Below is a listing; restate from it, character for character, the lines beginning at the line holding "Judge OKs Wayne" and ending at the line holding "NovakTalk Court Ff", both included.

============

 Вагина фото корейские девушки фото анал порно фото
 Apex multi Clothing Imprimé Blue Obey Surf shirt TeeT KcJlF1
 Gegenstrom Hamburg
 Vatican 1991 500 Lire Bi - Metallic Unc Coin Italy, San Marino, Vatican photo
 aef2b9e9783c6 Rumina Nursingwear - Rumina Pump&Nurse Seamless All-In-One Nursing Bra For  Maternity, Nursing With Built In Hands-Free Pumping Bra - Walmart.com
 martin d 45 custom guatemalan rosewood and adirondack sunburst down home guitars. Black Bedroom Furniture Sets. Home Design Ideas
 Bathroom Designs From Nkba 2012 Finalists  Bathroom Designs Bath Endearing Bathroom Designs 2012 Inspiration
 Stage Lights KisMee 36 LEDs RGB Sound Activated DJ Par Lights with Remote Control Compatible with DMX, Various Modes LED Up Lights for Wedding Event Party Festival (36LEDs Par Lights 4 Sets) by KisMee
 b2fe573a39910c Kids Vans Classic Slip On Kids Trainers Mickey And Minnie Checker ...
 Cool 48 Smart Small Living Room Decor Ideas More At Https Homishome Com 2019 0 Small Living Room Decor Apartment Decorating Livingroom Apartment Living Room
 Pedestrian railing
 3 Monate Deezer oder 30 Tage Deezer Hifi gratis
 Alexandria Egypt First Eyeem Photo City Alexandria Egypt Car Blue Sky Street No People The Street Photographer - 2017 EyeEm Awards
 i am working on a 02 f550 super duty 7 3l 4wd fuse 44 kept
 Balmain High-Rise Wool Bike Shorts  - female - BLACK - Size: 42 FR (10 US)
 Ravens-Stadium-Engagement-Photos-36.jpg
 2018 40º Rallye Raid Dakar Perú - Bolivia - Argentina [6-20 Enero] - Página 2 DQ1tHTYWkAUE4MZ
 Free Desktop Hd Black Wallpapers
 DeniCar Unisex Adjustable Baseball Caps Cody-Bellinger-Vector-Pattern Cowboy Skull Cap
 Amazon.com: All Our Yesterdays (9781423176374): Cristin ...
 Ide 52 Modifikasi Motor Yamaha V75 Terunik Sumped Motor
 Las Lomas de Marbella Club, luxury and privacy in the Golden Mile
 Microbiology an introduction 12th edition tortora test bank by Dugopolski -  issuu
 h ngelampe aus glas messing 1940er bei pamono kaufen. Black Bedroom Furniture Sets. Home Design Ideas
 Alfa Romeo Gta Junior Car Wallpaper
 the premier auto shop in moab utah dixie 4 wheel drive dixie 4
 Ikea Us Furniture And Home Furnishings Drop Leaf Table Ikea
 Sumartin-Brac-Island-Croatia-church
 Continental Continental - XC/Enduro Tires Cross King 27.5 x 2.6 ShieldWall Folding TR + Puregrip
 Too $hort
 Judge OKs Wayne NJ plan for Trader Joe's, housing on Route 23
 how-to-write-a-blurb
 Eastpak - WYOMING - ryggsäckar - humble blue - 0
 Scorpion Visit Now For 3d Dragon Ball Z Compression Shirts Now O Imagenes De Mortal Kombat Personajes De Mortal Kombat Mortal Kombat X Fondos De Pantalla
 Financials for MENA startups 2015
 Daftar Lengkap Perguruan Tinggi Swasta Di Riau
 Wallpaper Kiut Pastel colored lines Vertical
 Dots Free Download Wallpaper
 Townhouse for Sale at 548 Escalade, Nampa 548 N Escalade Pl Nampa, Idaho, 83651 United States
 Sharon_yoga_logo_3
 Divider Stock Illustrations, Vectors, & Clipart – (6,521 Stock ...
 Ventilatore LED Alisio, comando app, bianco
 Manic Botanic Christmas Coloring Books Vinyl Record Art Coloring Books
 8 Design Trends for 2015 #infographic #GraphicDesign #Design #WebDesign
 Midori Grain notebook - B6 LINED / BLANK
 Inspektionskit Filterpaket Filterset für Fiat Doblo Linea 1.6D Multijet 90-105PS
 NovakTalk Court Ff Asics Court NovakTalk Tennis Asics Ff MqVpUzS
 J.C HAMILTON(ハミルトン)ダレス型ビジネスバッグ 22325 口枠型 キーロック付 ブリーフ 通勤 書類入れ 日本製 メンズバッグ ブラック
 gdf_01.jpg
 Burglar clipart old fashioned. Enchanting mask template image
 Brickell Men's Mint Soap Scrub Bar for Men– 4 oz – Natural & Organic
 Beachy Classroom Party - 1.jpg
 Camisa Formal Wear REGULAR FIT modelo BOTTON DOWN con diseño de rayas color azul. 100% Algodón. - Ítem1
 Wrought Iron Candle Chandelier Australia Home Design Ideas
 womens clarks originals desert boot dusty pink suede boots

============

**Solved problem**
 Judge OKs Wayne NJ plan for Trader Joe's, housing on Route 23
 how-to-write-a-blurb
 Eastpak - WYOMING - ryggsäckar - humble blue - 0
 Scorpion Visit Now For 3d Dragon Ball Z Compression Shirts Now O Imagenes De Mortal Kombat Personajes De Mortal Kombat Mortal Kombat X Fondos De Pantalla
 Financials for MENA startups 2015
 Daftar Lengkap Perguruan Tinggi Swasta Di Riau
 Wallpaper Kiut Pastel colored lines Vertical
 Dots Free Download Wallpaper
 Townhouse for Sale at 548 Escalade, Nampa 548 N Escalade Pl Nampa, Idaho, 83651 United States
 Sharon_yoga_logo_3
 Divider Stock Illustrations, Vectors, & Clipart – (6,521 Stock ...
 Ventilatore LED Alisio, comando app, bianco
 Manic Botanic Christmas Coloring Books Vinyl Record Art Coloring Books
 8 Design Trends for 2015 #infographic #GraphicDesign #Design #WebDesign
 Midori Grain notebook - B6 LINED / BLANK
 Inspektionskit Filterpaket Filterset für Fiat Doblo Linea 1.6D Multijet 90-105PS
 NovakTalk Court Ff Asics Court NovakTalk Tennis Asics Ff MqVpUzS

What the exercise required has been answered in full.